Start of Data block

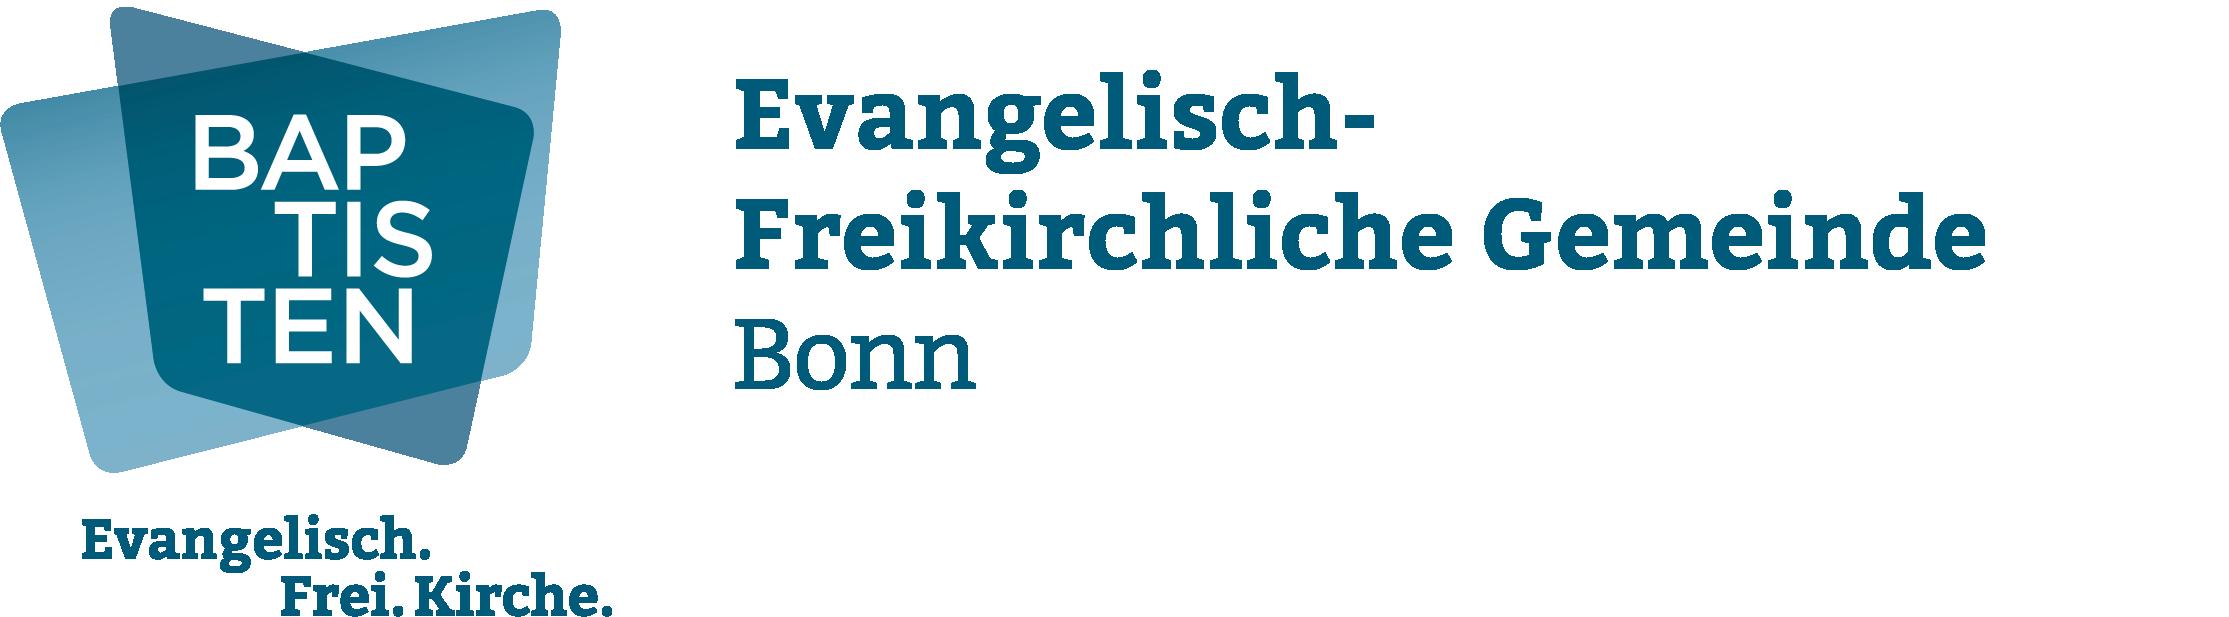 Evangelisch-Freikirchliche Gemeinde Bonn Logo
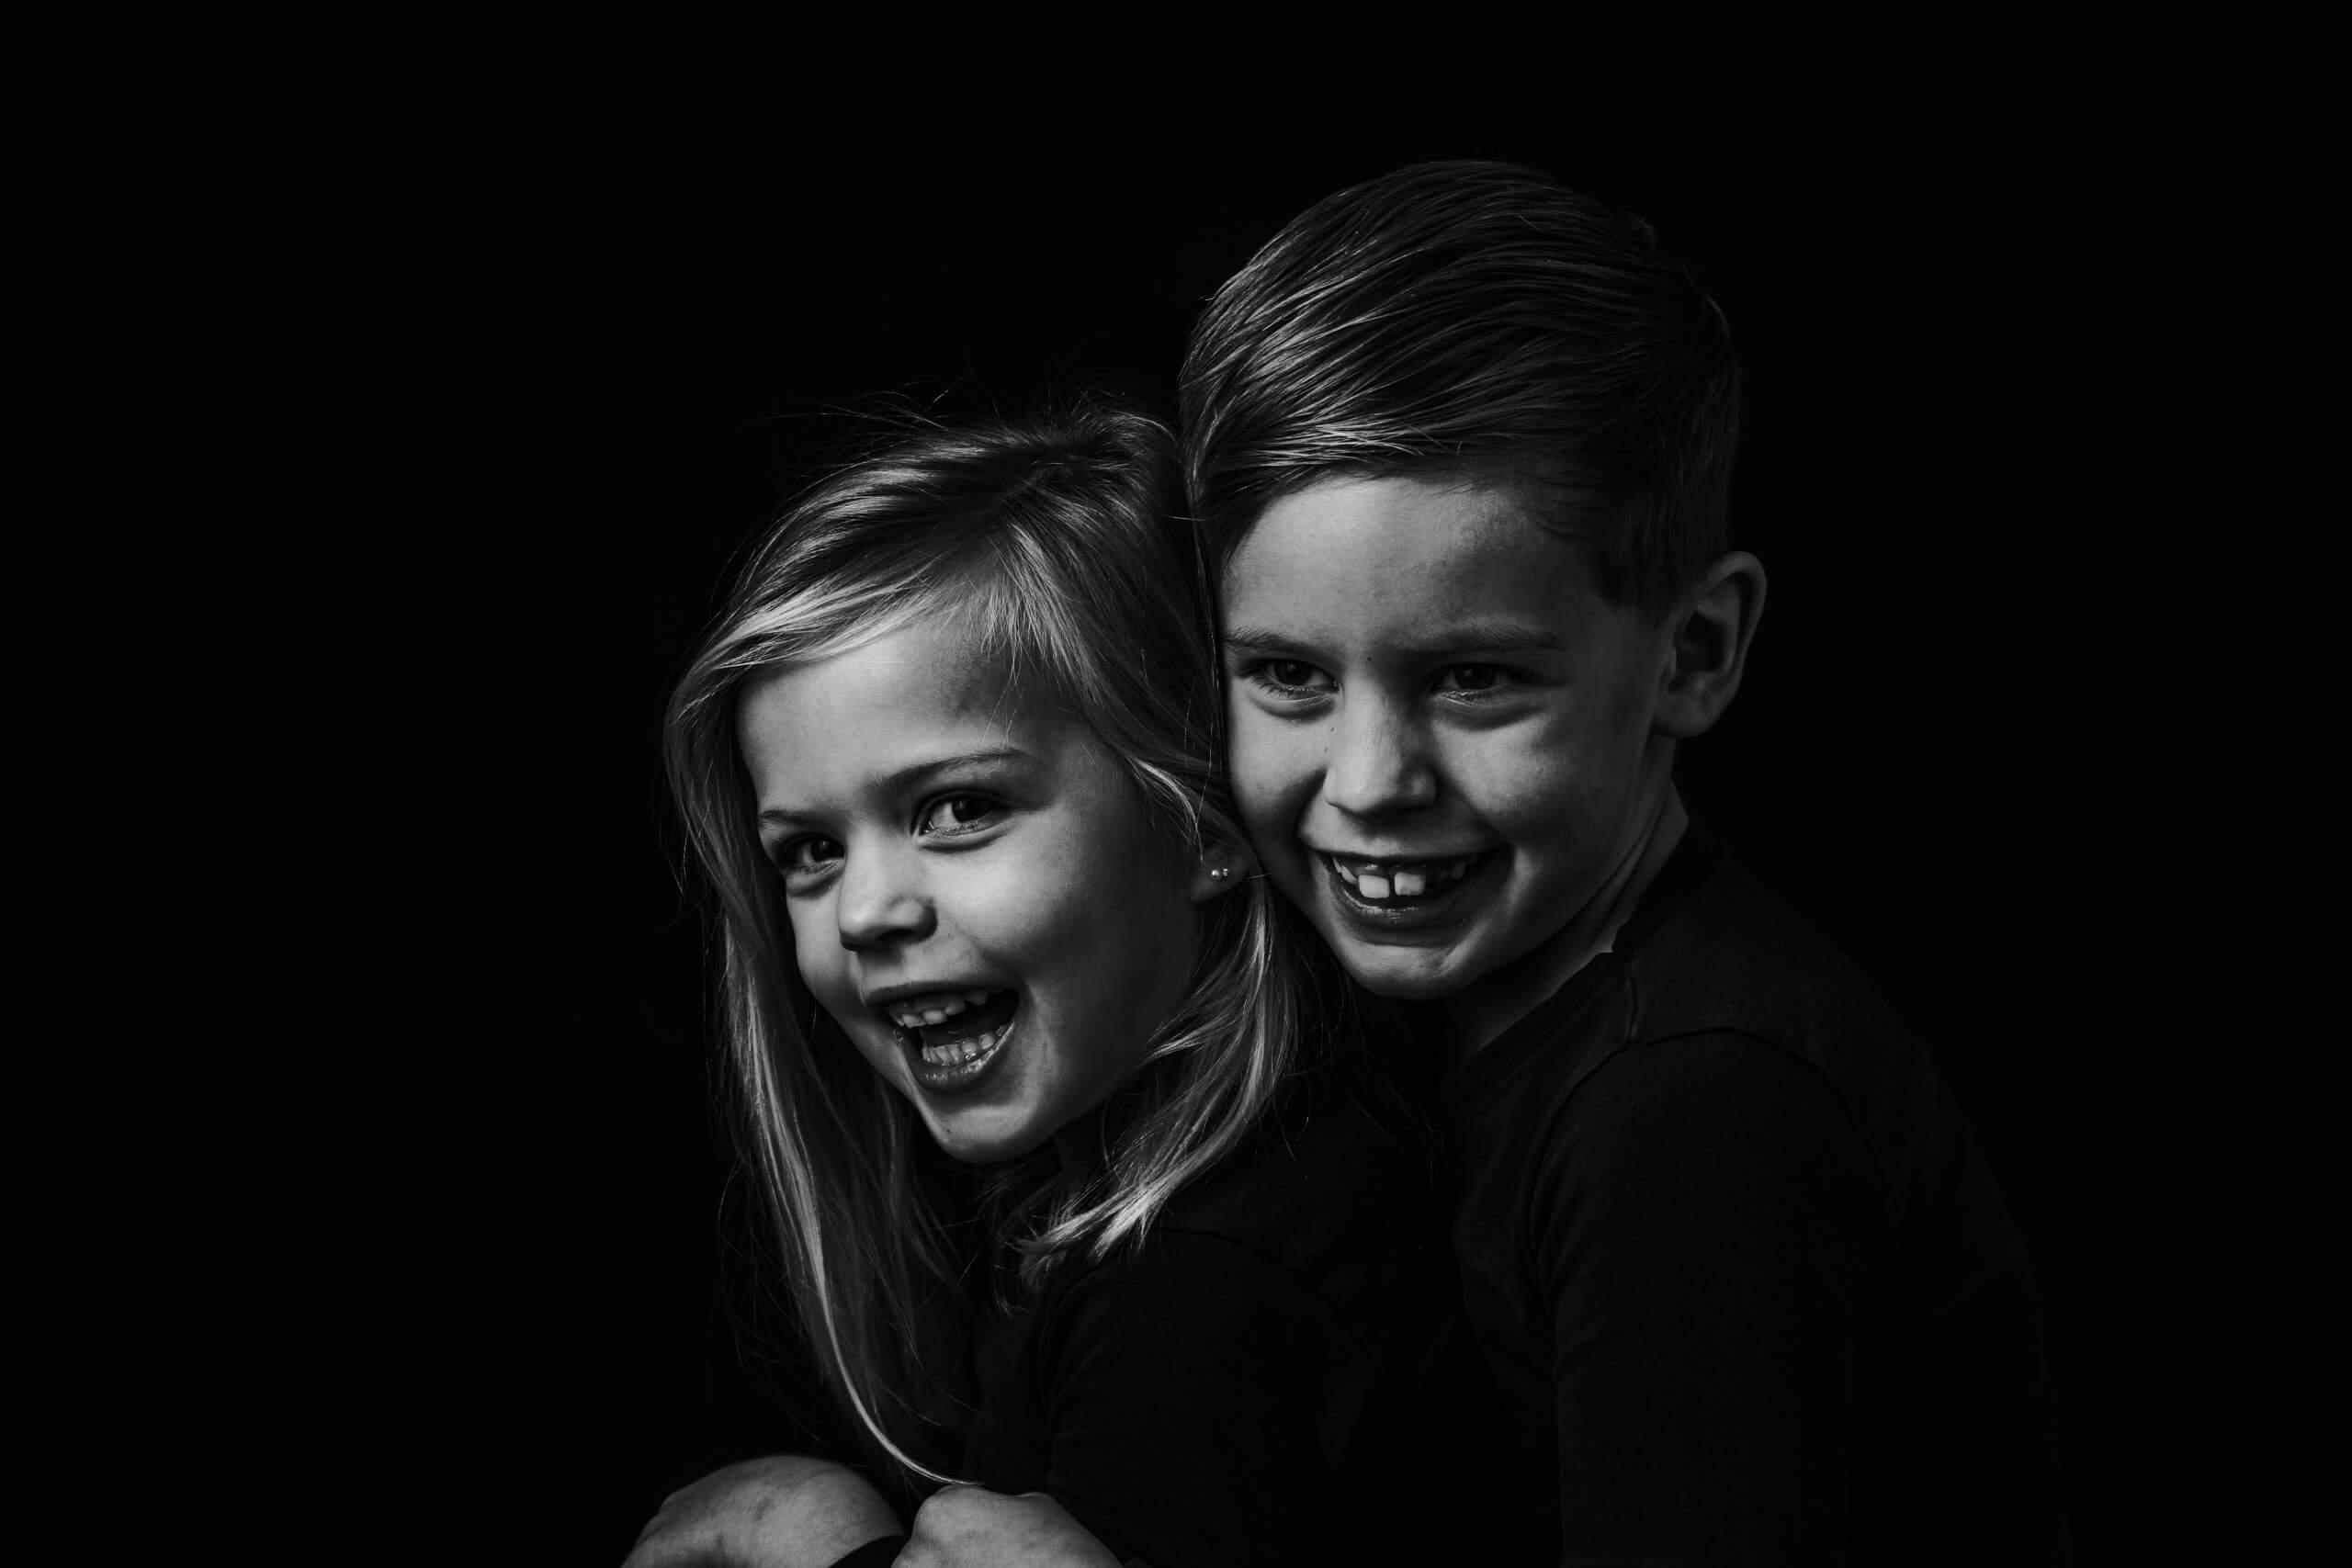 Familie kids broer en zus familieshoot sessie utrecht ijsselstein nieuwegein houten
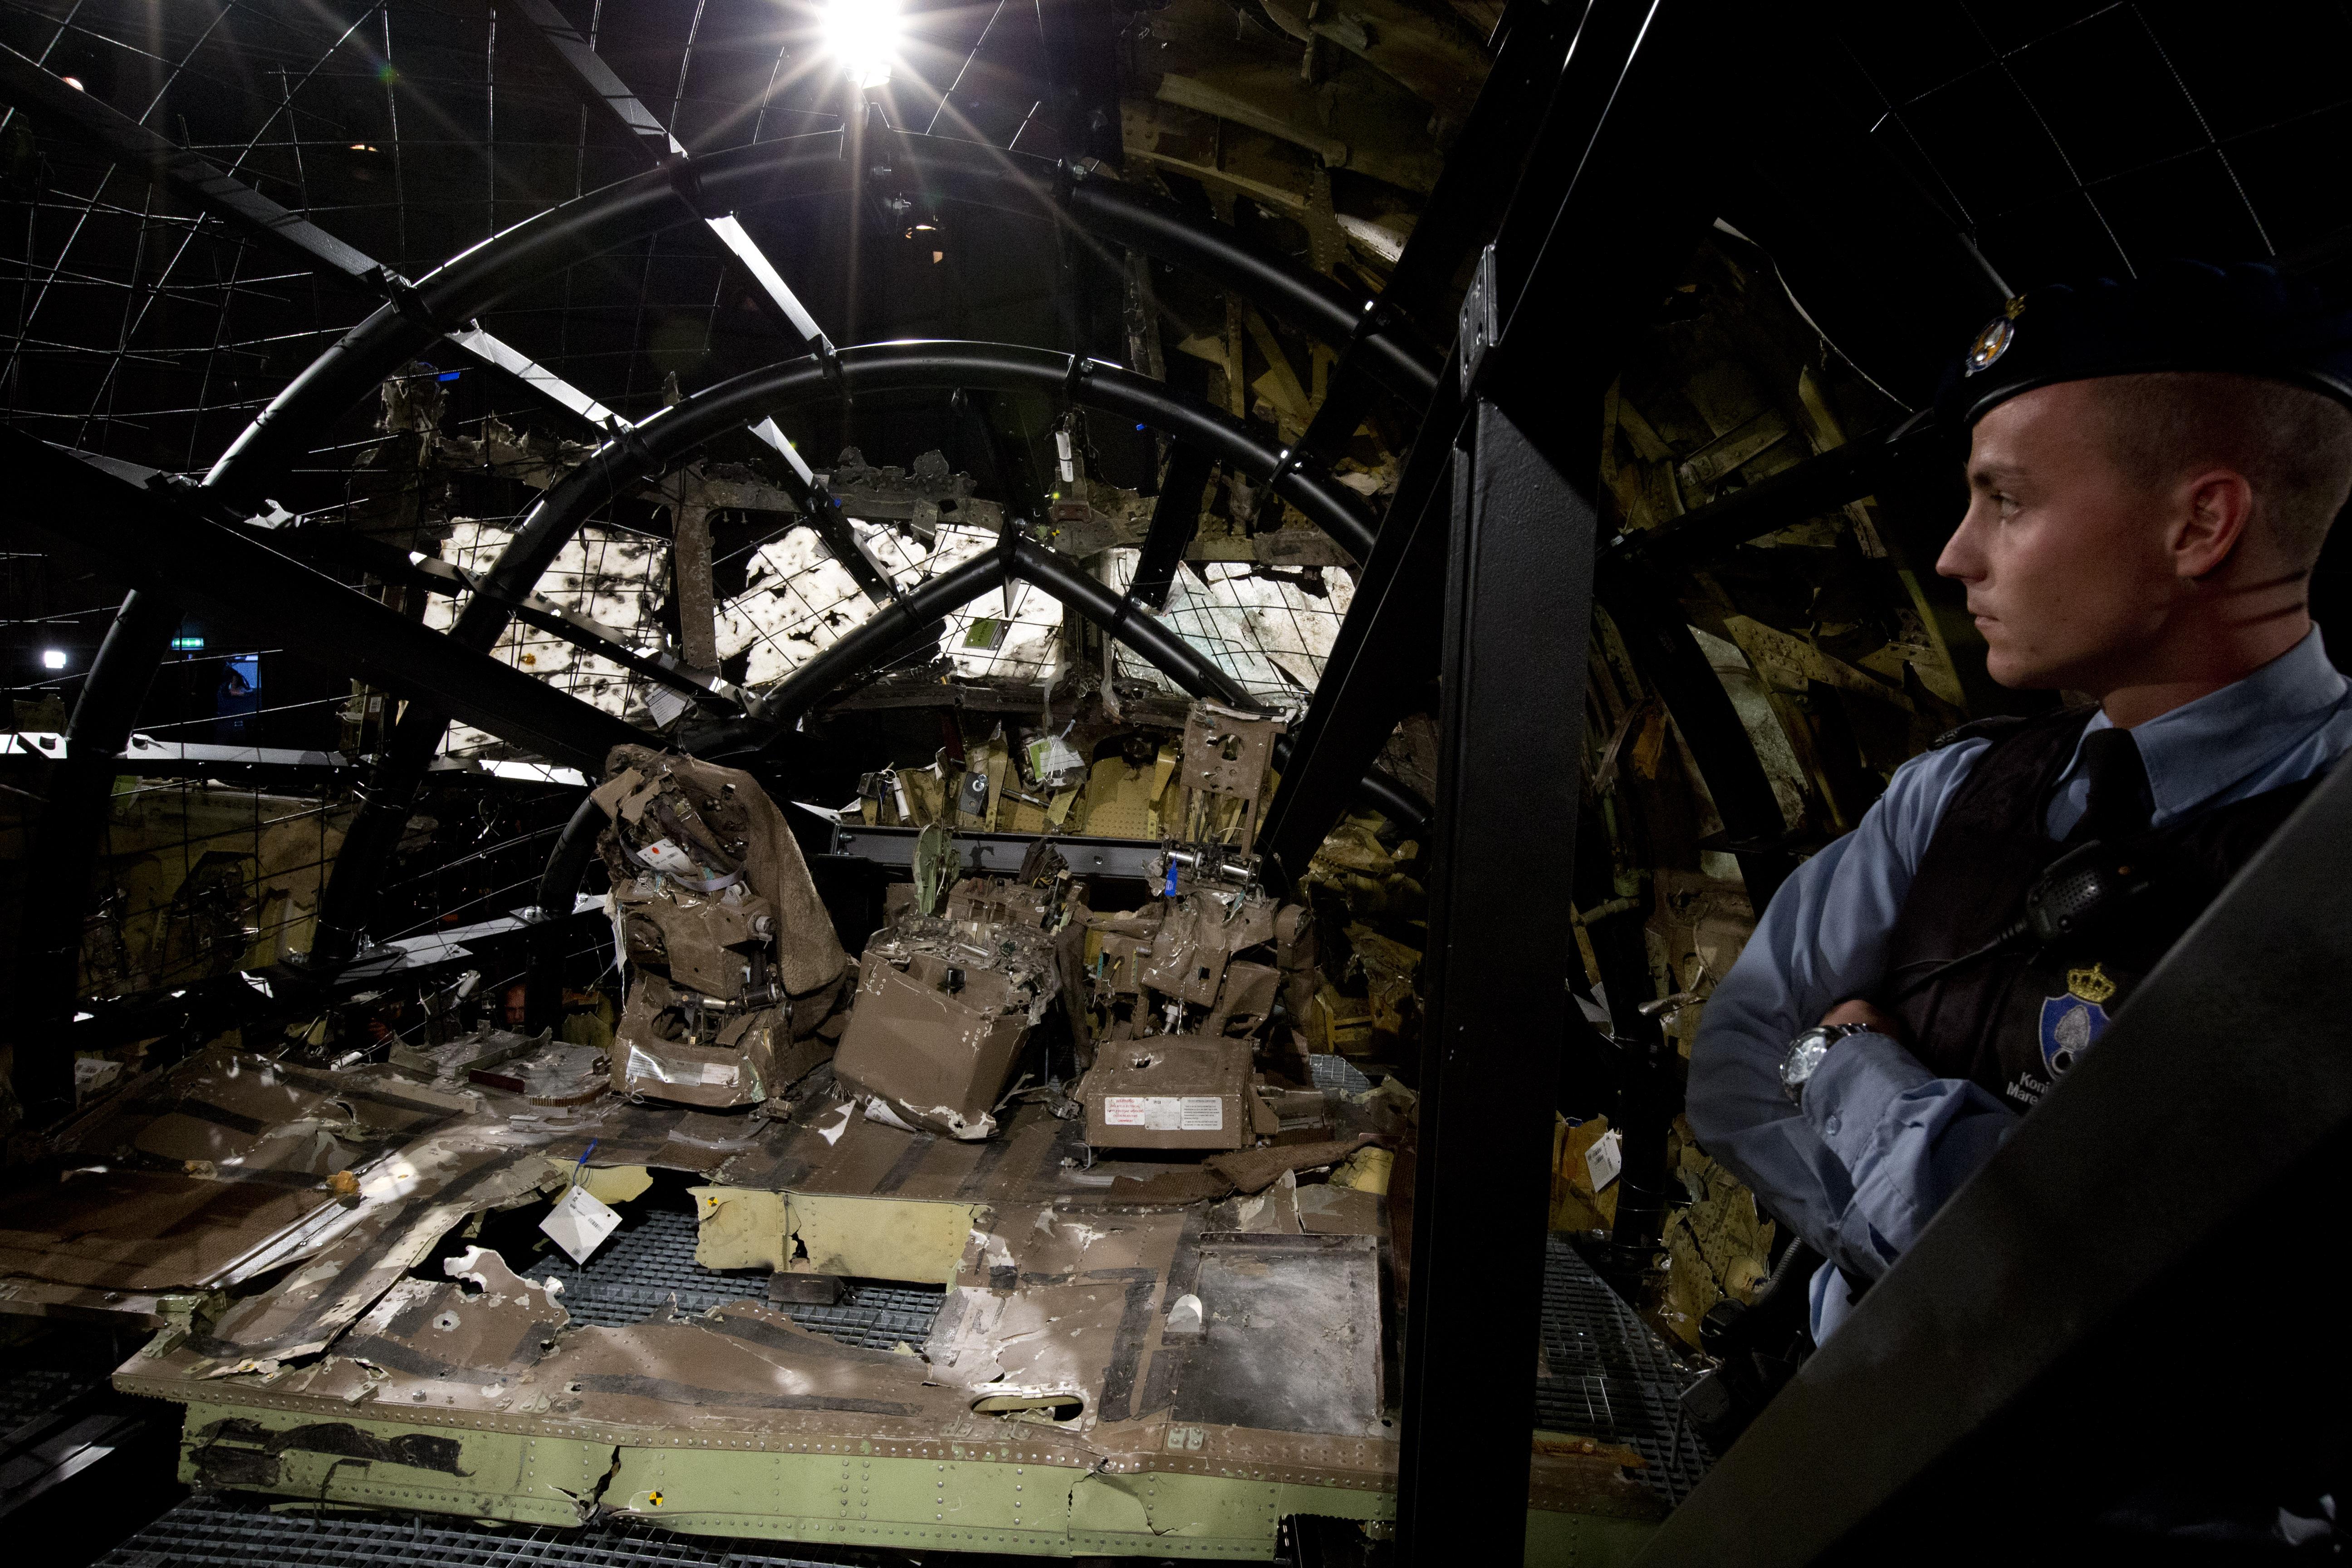 遭俄羅斯飛彈擊落的馬來西亞航空MH17班機,機首駕駛艙碎片重建(美聯社)

End of Data block

Exercise prompt: Wherever a picture appears in the listing above, drop it, and restate the rest exactly.

Answer for this exercise:
 Evangelisch-Freikirchliche Gemeinde Bonn Logo
 Familie kids broer en zus familieshoot sessie utrecht ijsselstein nieuwegein houten
 遭俄羅斯飛彈擊落的馬來西亞航空MH17班機,機首駕駛艙碎片重建(美聯社)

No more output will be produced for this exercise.